Weekly Real Estate Market Update with Leigh Martinuzzi MPG


The property market here on the Sunshine Coast and across Australia is expected to remain slow for the first few months of the year. The main reason is the remaining uncertainty of where the cash rate will peak. While currently at 3.1% currently, we do expect a few more rises early this year. The market expectations for the peak rate are somewhere from 3.6% to 4%. For a mortgage of $750,000, owners are already paying $1,135 more than they were at the start of the year when the cash rate was 0.1%.


The sharp decline in national property prices of -8.4% annually to January 2023 can be attributed to the rapid cash rate rise that occurred throughout 2023. If you look at the increase in mortgage rates most people that are seeking to purchase have a now reduced borrowing capacity and property prices remain high, which puts purchasing out of reach for many. This will place further pressure on the rental market and may see asking rents increase some more.

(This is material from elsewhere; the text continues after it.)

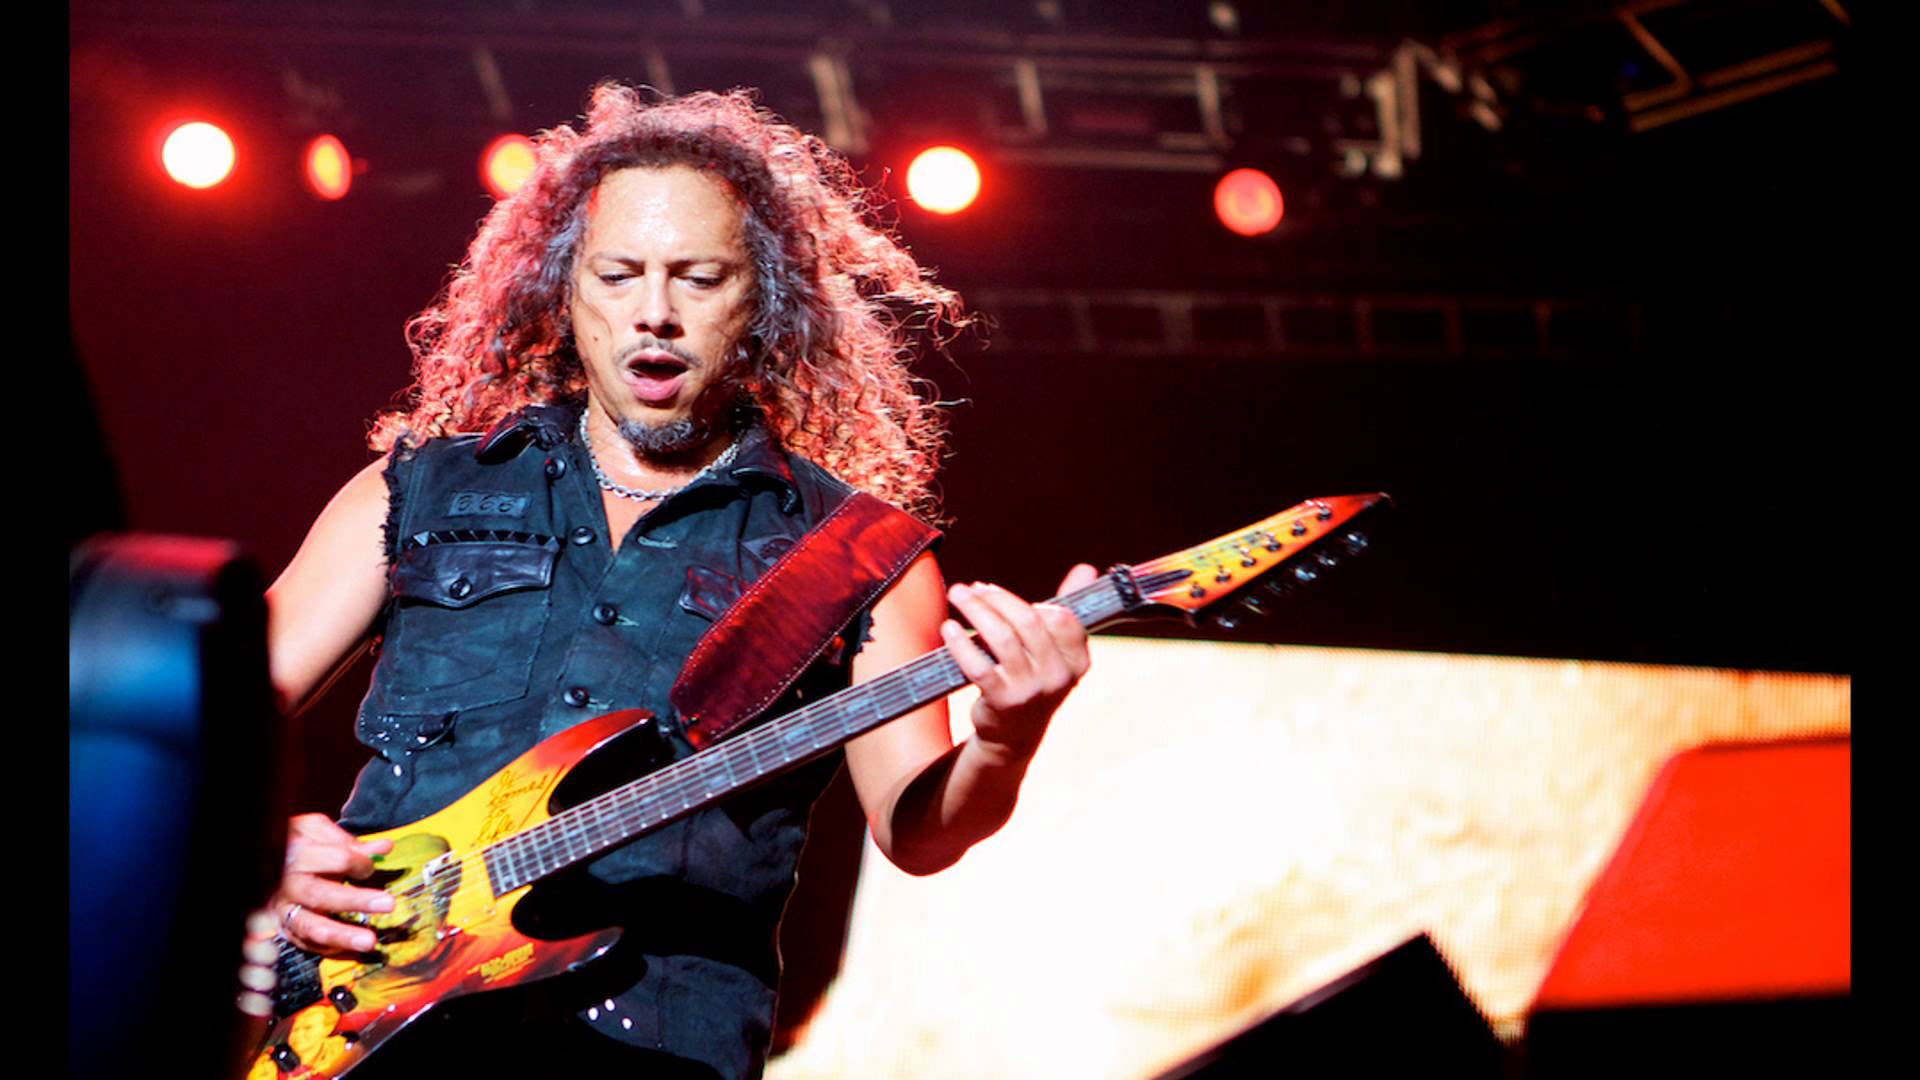 Download Wallpaper - Lead Guitarist Kirk Hammett , HD Wallpaper & Backgrounds

The other concern that we expect to see happen this year is that many people who bought and fixed their interest rates at the lower rate will come out of their fixed rate period this year. The RBA noted that approximately 35% of all home loans are on fixed terms, and two-thirds of these are set to expire this year. This means they can expect their home loan rate to suddenly increase from 3% to 4% and may push some homeowners into mortgage stress. APPRA introduced a mortgage buffer of 3%, which will protect most but further increases in the cash rate won’t help. It is expected that consumer spending will worsen, and inflation will slow, which is what the RBA is hopeful for happening.


We also know that the house debt to income ratio is the highest it’s ever been, currently at 188.5%. A decade ago, this was 162%, and in 2002 it was at 130.2%. This gives further reason to expect many property owners will have to tighten their spending and consequently slow economic growth further. During the booming market of 2021, there were a massive 619,531 transactions encouraged by incredibly low-interest rates. This was the highest volume of sales in 18 years. Naturally, this can’t last forever, and we can expect the market to balance out.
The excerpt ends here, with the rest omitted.